**Task description:**
Look through the data below and output, unchanged, every line from the one holding "Izzy Birthday Party Supplies" through the one holding "Girls Pirate Party", inclusive. Skip the pictures.

**Data to examine:**
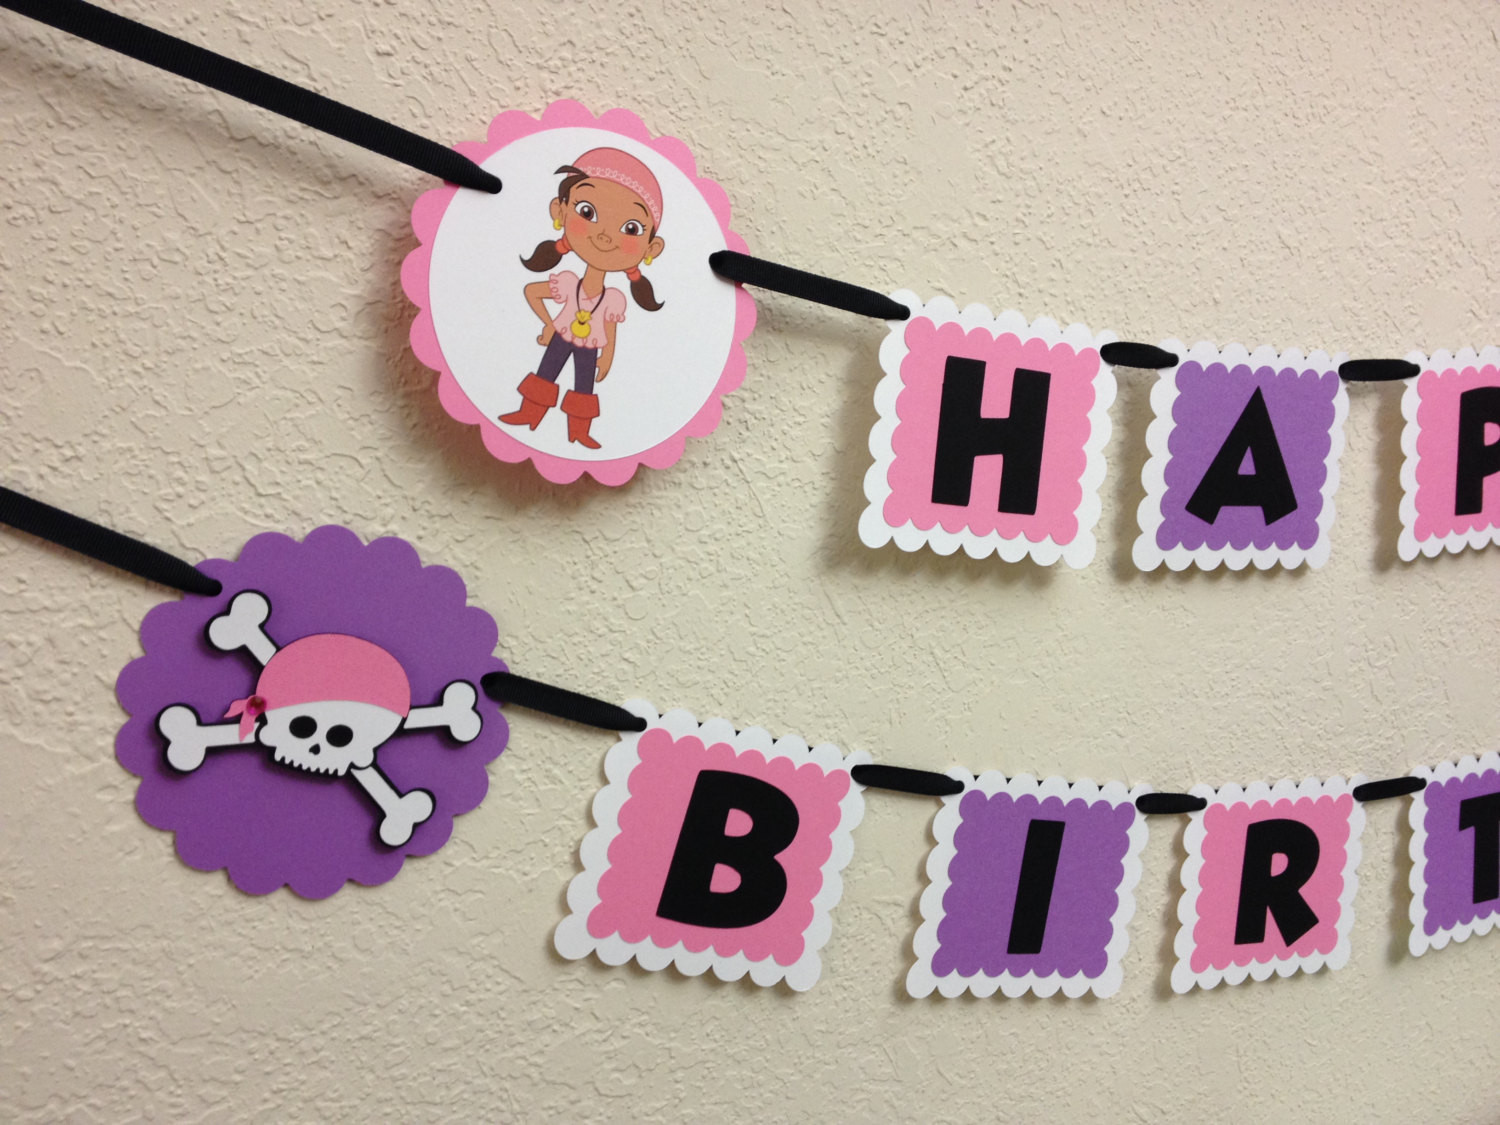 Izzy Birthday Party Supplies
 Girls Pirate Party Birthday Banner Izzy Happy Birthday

--

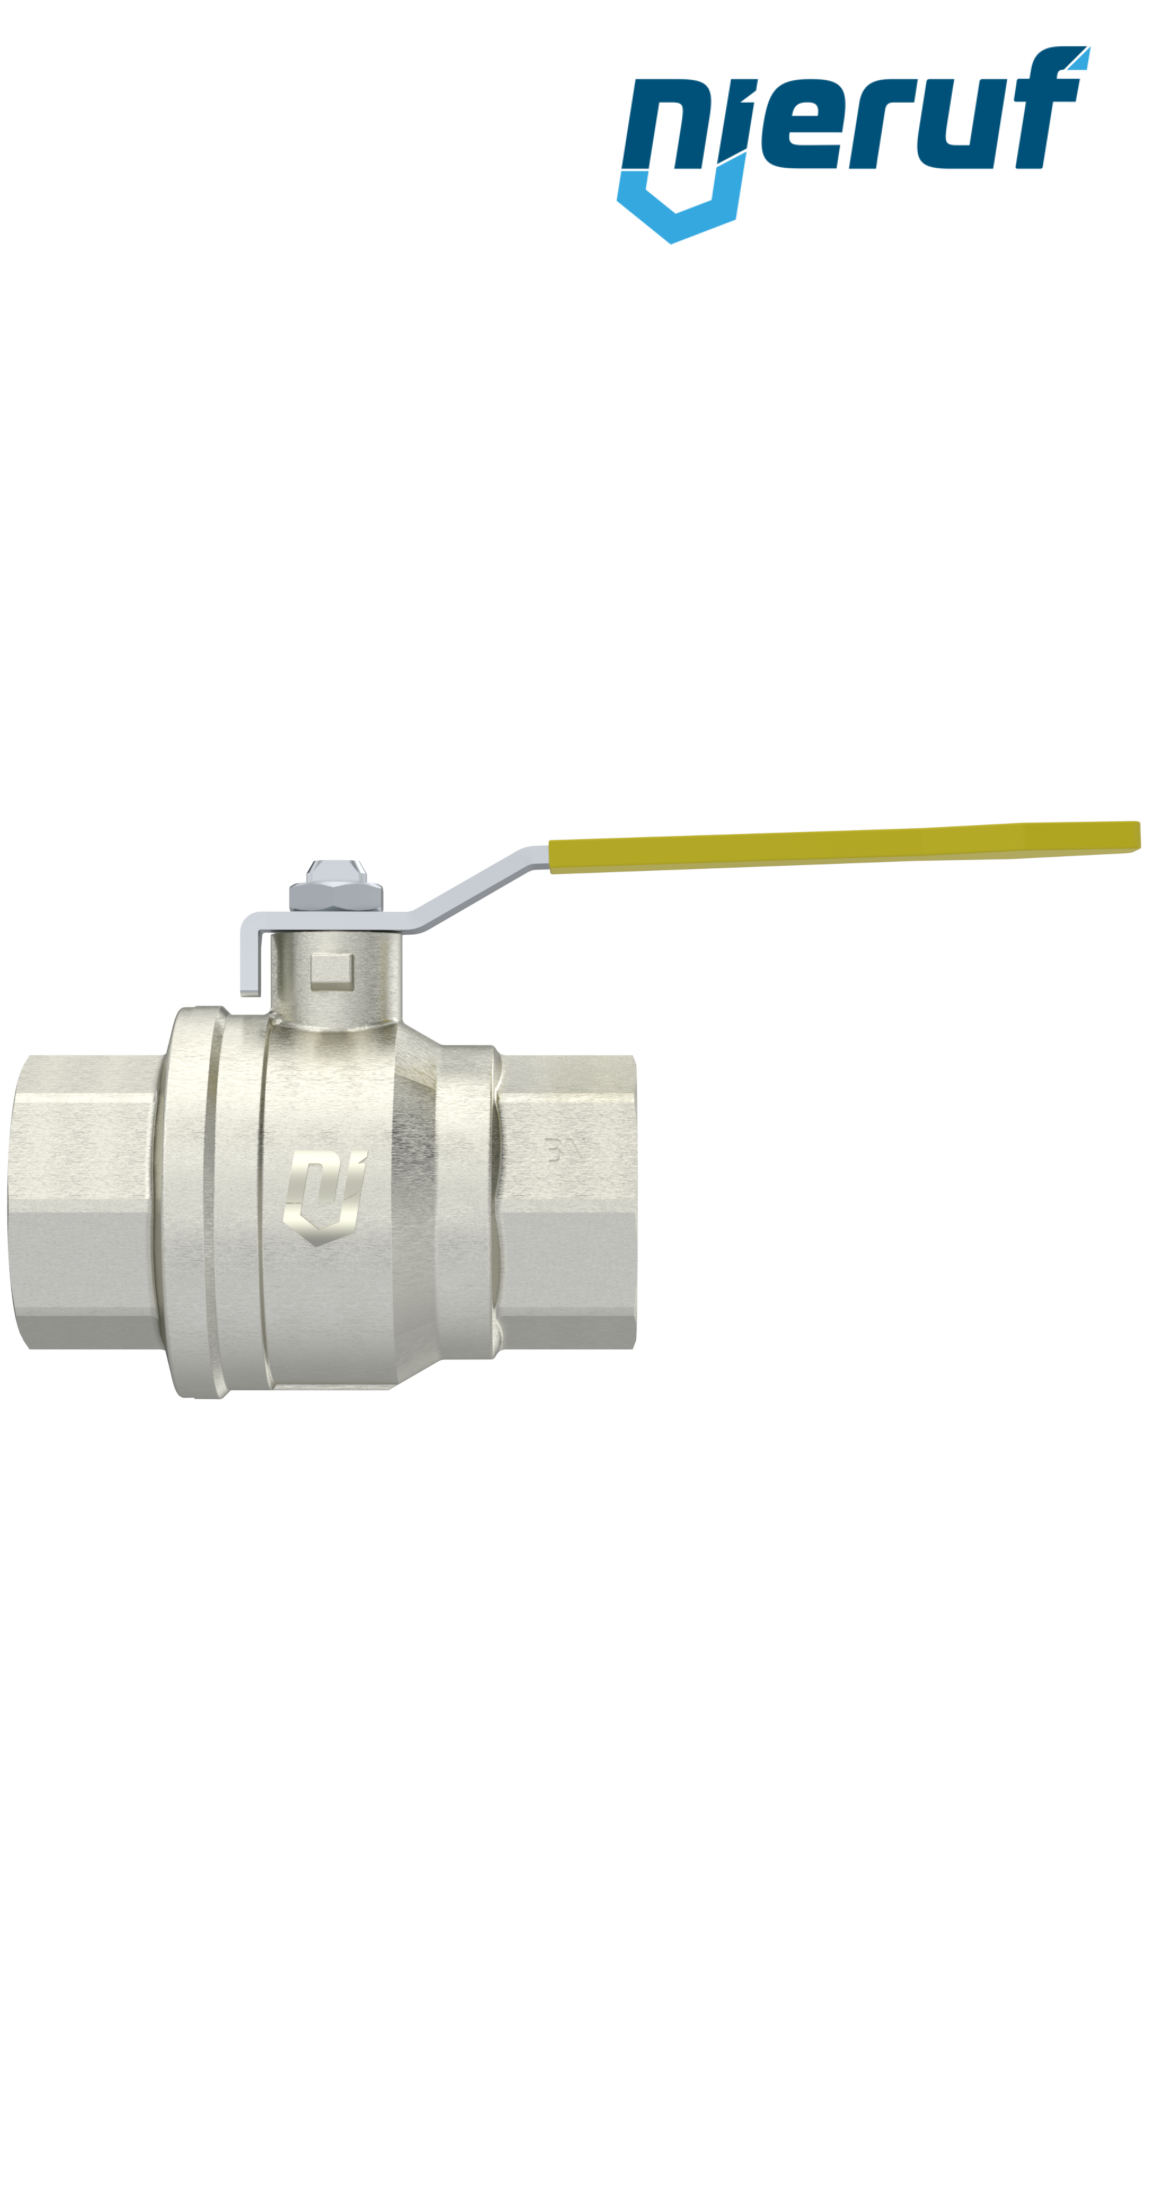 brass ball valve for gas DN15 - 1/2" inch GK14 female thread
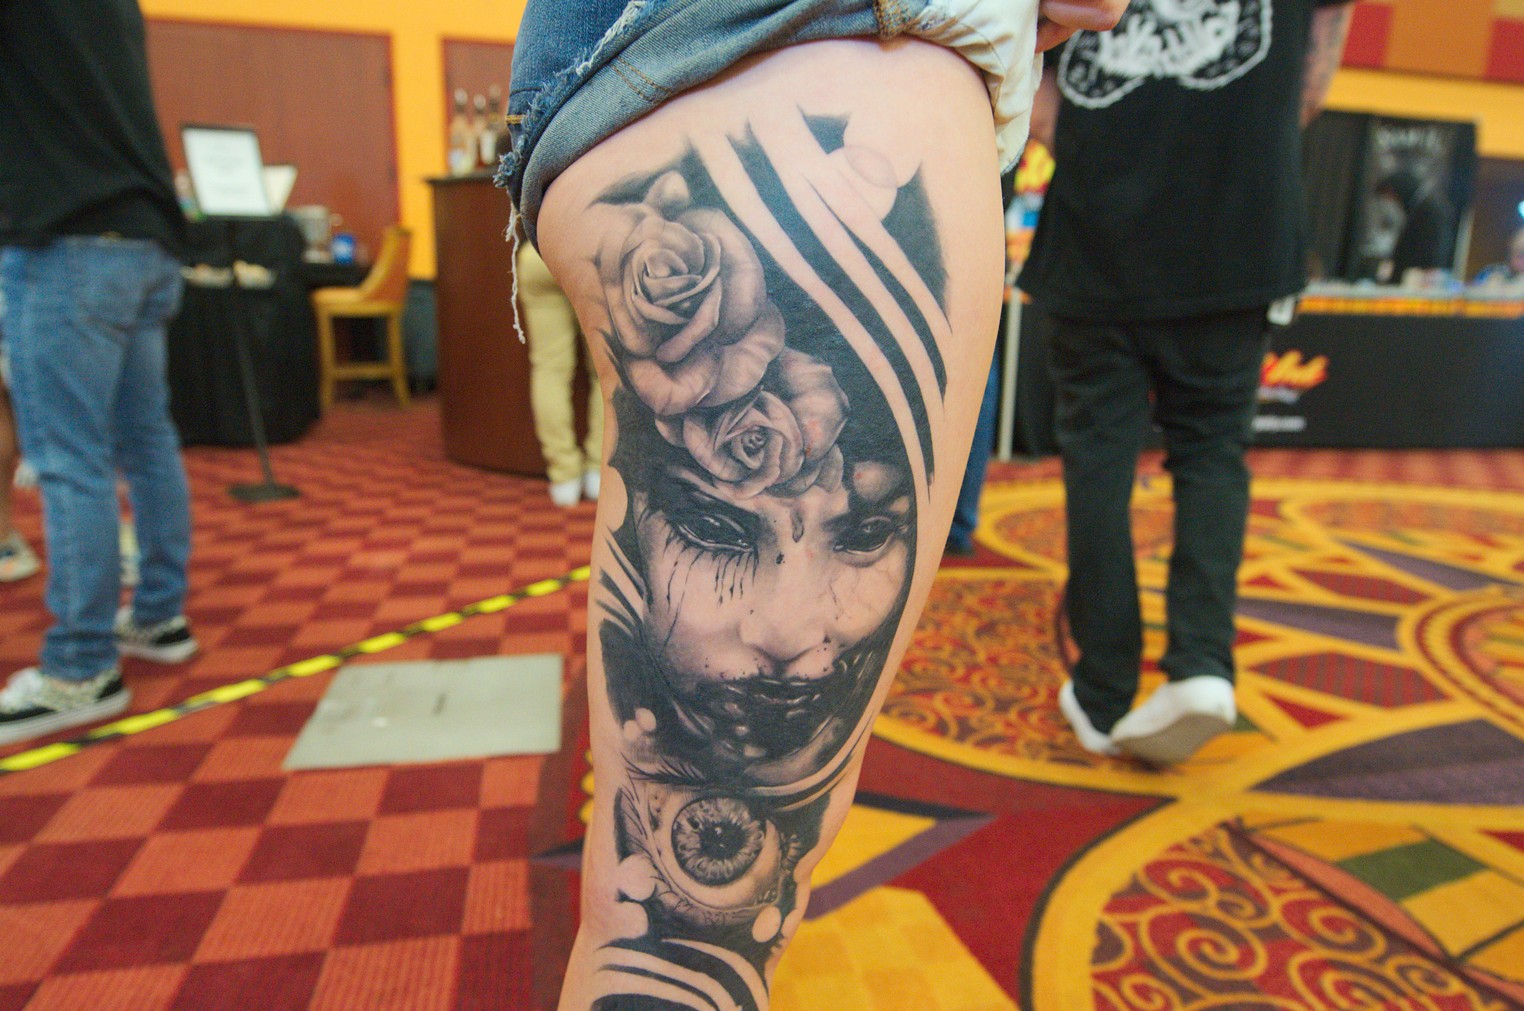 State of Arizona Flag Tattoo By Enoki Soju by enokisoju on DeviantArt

==

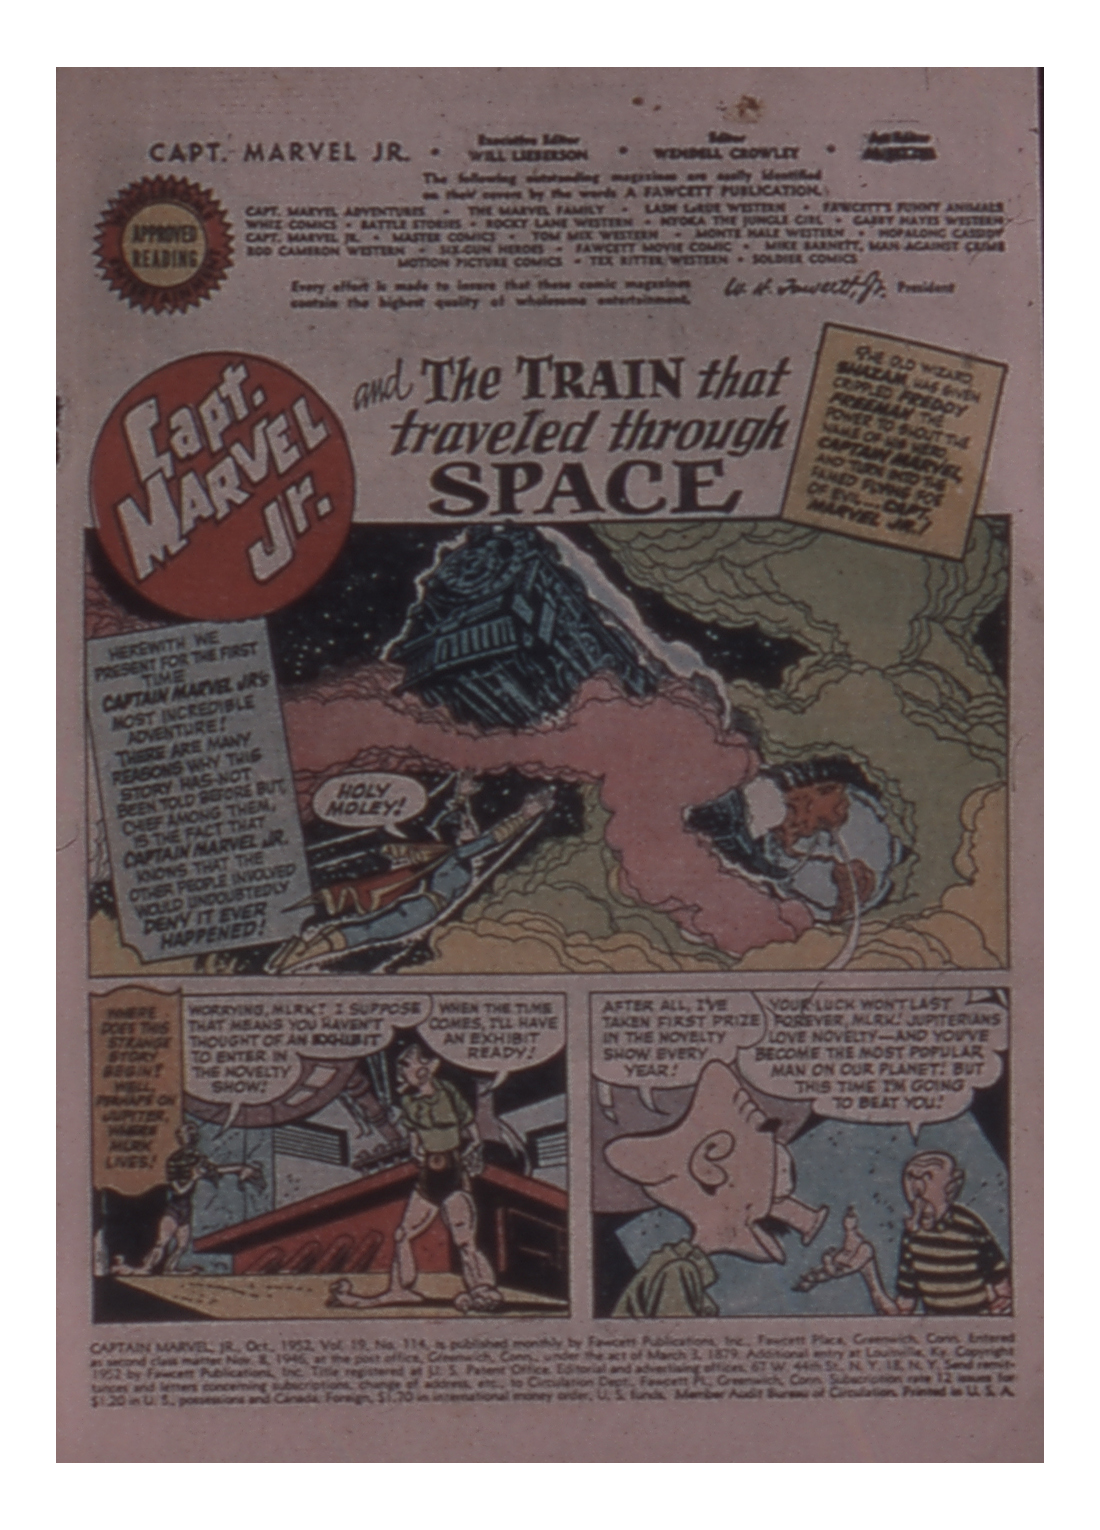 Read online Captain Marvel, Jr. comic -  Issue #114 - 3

**Your response:**
 Izzy Birthday Party Supplies
 Girls Pirate Party Birthday Banner Izzy Happy Birthday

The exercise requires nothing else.